There are other signs like this in the Bible. "The Lord Himself will give you a sign," says Isaiah to King Ahaz. "A virgin shall conceive ..." (Isaiah 7:14b). Fine—except that both men were centuries dead by the time Jesus was conceived! And then there's God's promise to Moses during the burning bush episode: "This shall be the sign for you, that I have sent you: when you have brought the people out of Egypt, you shall serve God on this mountain" (Exodus 3:12). I want to say, "Fine, Lord; after I see You send ten plagues and split the sea and rescue us all by miracle, when I no longer doubt You, then You will give me this sign!"
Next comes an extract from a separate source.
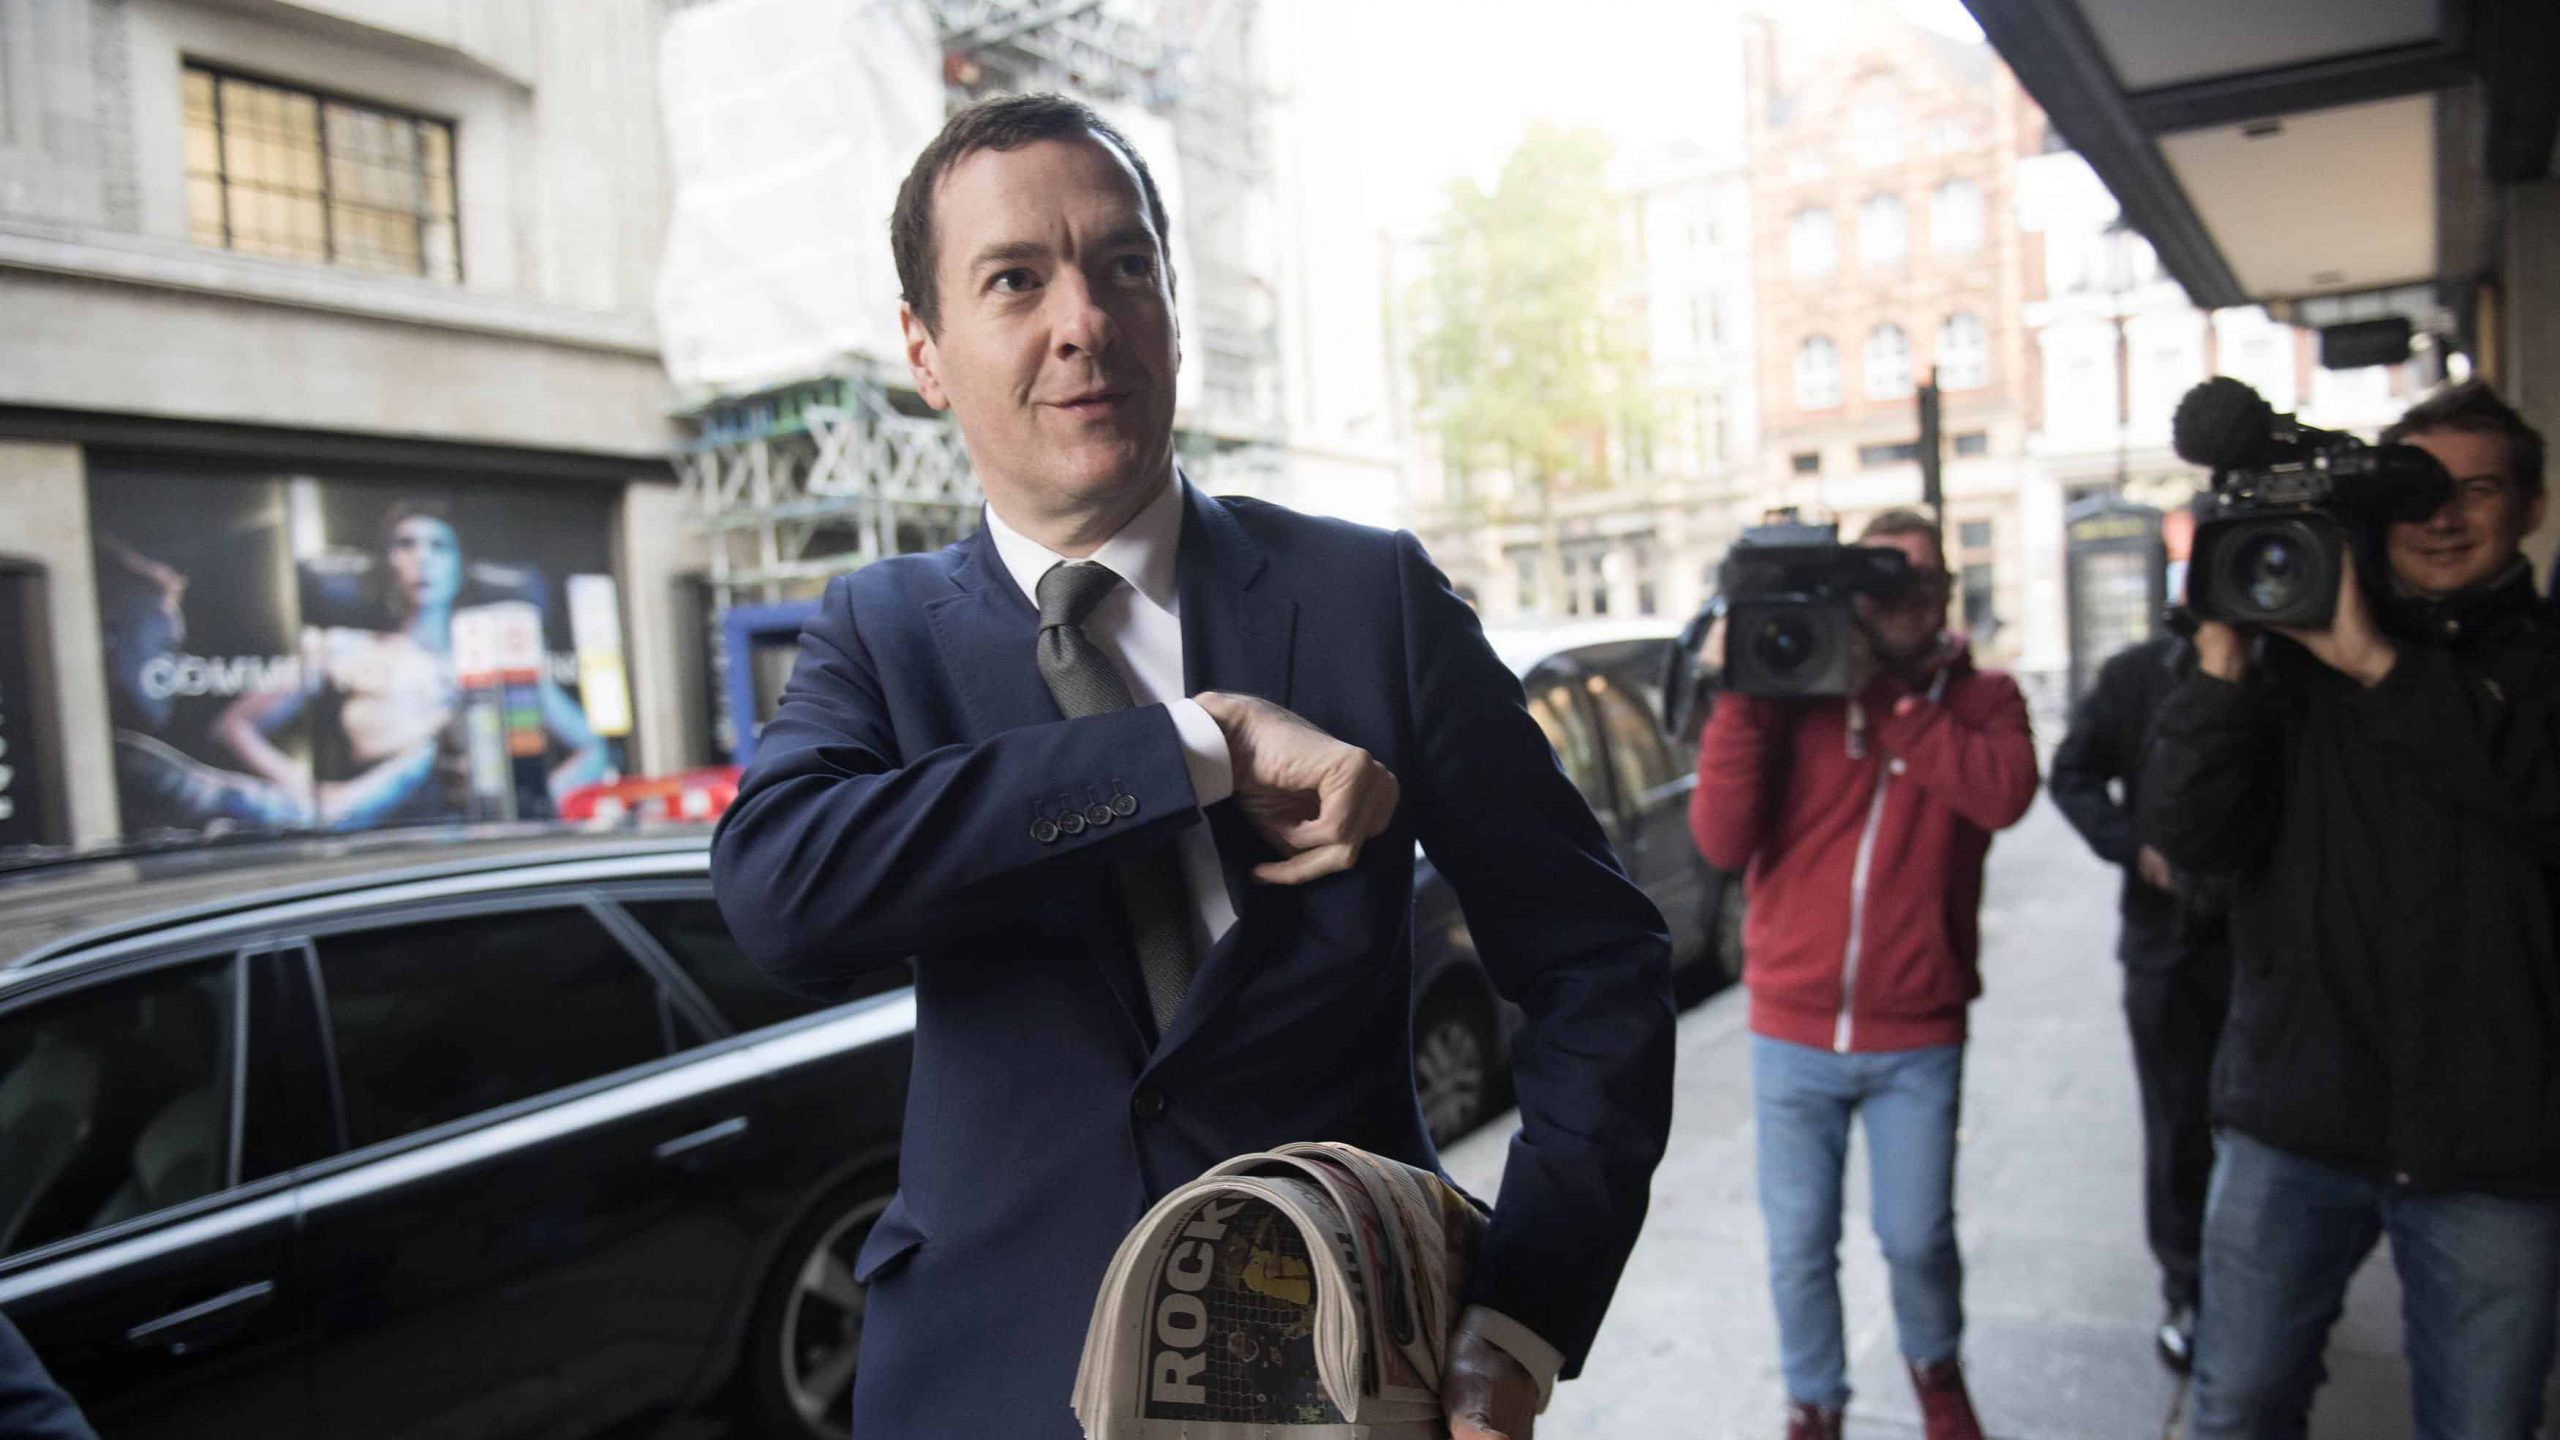 George Osborne considers abandoning Tories for Lib Dems in upcoming election
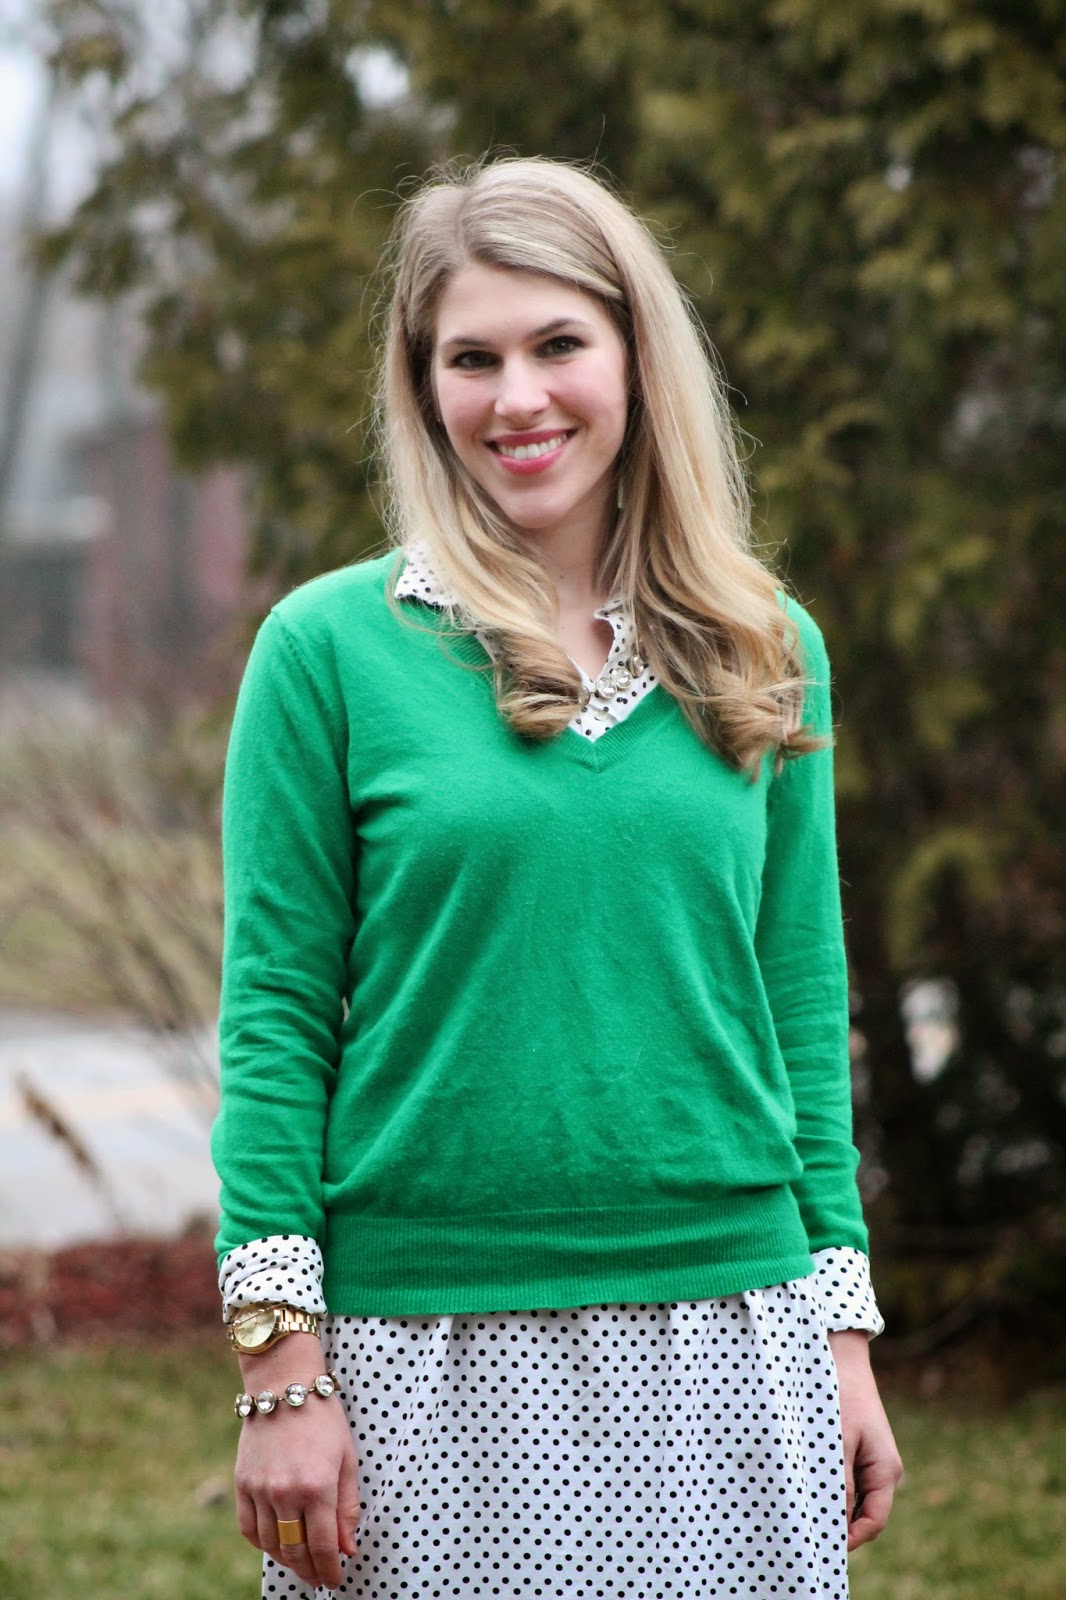 I do deClaire: Polka Dot dress and Green Sweater

God is no fool. He knows these signs aren't going to prove anything to us, or offer us much practical guidance, while we are still on the way. So why give them at all?
Maybe these signs are something other than road signs. Maybe they're more like signatures—God's way of writing "mission accomplished" and signing His Name to whatever great work He has done. The signs aren't there to show us the way. They are there to point to the One who is our Way—and to underline the fact that He has done it—all of it, all the guiding, all the saving.
We are used to thinking of Jesus' birth as a beginning. But perhaps the baby in a manger is an ending—an ending to God's long-hidden plan for overcoming the devil and rescuing His people. Wait no longer. Travel no further. Here He is—the sign, the signature, the baby in a manger.
THE PRAYER: Lord, help me to recognize and thank You for the great salvation You have prepared for us. Amen.
* What are the silliest directions anyone has ever given you for travel?
* What is a situation in your life where you wished God would give you clearer guidance?
* How did God resolve that situation? Were you surprised?